If you have anything to do with education, you’re probably familiar with the term curriculum, along with similar concepts like scheme of work, syllabus, course, or study plan. You may not, however, have spent much time pondering what curriculum actually refers to. It’s an interesting thought experiment, because the concept is both a theoretical butterfly - Wiles (2009) suggests four possibilities, including ‘a set of school experiences’ - and a practical caterpillar. Whatever the debate among academics, teachers usually have a good working definition: the (varyingly detailed) most top-level document they are required to follow when teaching.

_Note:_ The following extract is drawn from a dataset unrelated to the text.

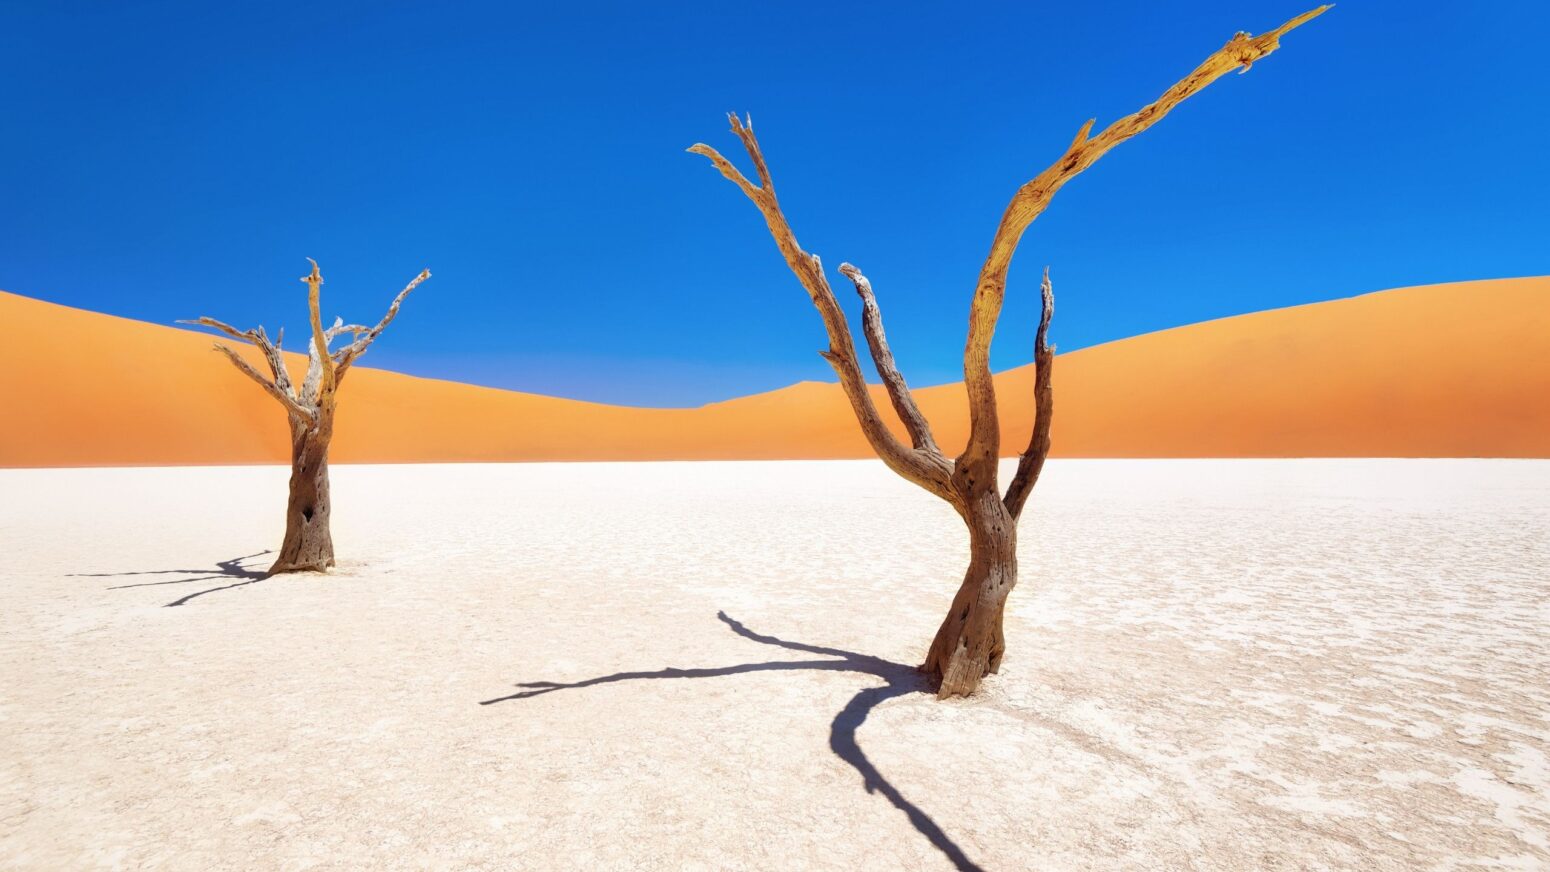 Trees in Namibia desert

We at Cambridge Mathematics are currently engaged in a significant amount of work on curriculum framework design, and are fortunate enough to be consulting with international experts from a wide range of fields on many aspects of our project, including defining its scope and boundaries. We were therefore both delighted and perplexed by a discussion with an eminent room of such experts this month, when one of them asked the question ‘what do you mean by curriculum?’ and the international and cultural associations in the room began to rise to the top of the analysis like cream.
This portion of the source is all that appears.